Now, with an obtained response from Google Cloud, the TTS engine can be utilized to create a human sounding voice for the user.
#Generating voice with OpenAI TTS
speechclient = OpenAI(api_key="YOUR API KEY FROM OPENAI")
audio = speechclient.audio.speech.create(
model = "tts-1",
voice = 'nova',
input=str(response.text))
audio.stream_to_file("/var/lib/asterisk/sounds/custom/speech.wav")
The tts-1
model is used since audio quality will be changed in the next step. Feel free to use any other voice than nova
. Visit the OpenAI documentation for personalization of the audio file, its emotions and its speed.
From practice, it was noticed that Asterisk and FreePBX have very specific requirements when it comes to the encoding in wav
files. The more supported ulaw
file format conserves the audio quality and allows for Asterisk playback. Within Python, it is possible to convert the wav
file into a ulaw
file with the following lines.
#Convert OpenAI WAV to ULAW for playback in Asterisk
subprocess.run([
"ffmpeg",
"-i", "/var/lib/asterisk/sounds/custom/speech.wav",
"-ar", "8000",
"-ac", "1",
"-af", "volume=6dB",
"-acodec", "pcm_mulaw",
"-f", "mulaw",
"-y",
"/var/lib/asterisk/sounds/custom/finalplayback.ulaw"])
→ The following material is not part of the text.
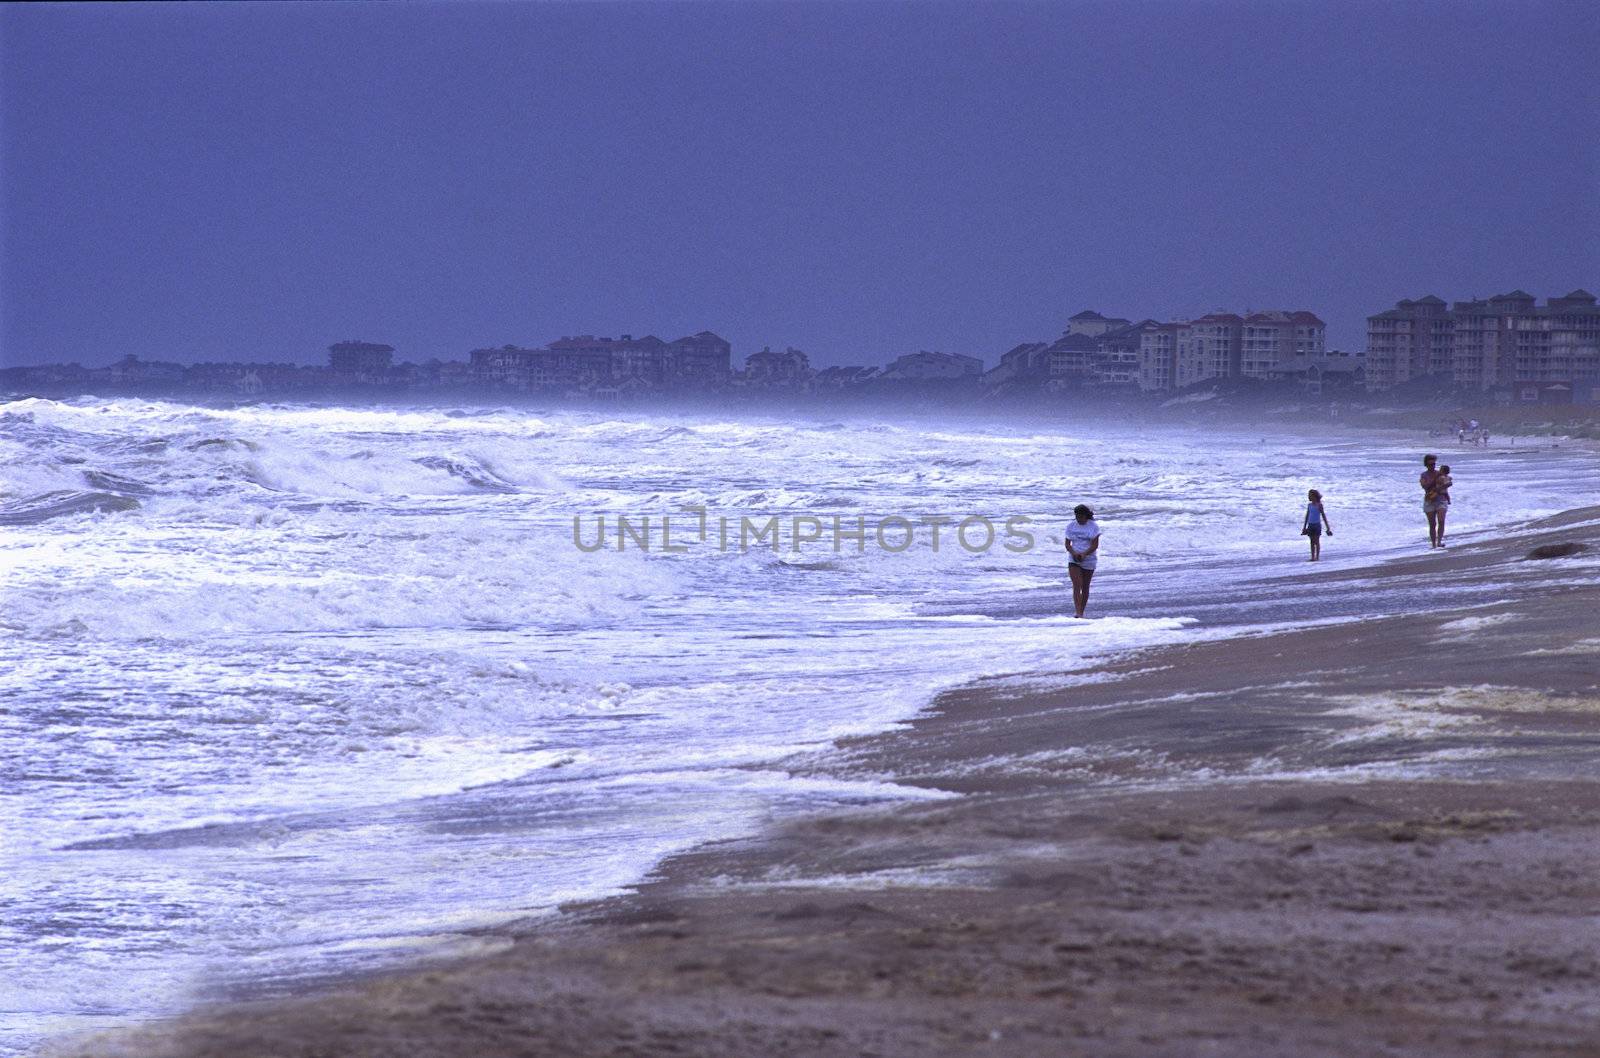 people on beach stormy ocean Amelia Island Florida by hotflash2001

Note a slight volume adjustment with volume=6dB
.
Now that the code is finished, do not the forget the following line to make the python code executable by Asterisk:
sudo chmod +x /var/lib/asterisk/agi-bin/script.py
And of course, update the dialplan!
sudo asterisk -rx "dialplan reload"
6. Tweaking the virtual extension
Custom sounds and audio files can be created by visiting OpenAI FM playground for free! You can create for instance a welcome sound to great the user and give basic instructions ! Once downloaded, the files can be converted usding the folowing script and copied to /var/lib/asterisk/sounds/custom
for a nicer experience.
from pydub import AudioSegment
import subprocess
subprocess.run([
"ffmpeg",
"-i", "YOUR_INPUT_FILE.wav",
"-ar", "8000",
"-ac", "1",
"-af", "volume=2dB",
"-acodec", "pcm_mulaw",
"-f", "mulaw",
"-y",
"YOUR_OUTPUT_FILE.ulaw"])
Many other parameters or types of API can be implemented in a FreePBX system, the possibilities are endless! A SIP trunk with a phone number can also be used for calling the AI anywhere you are.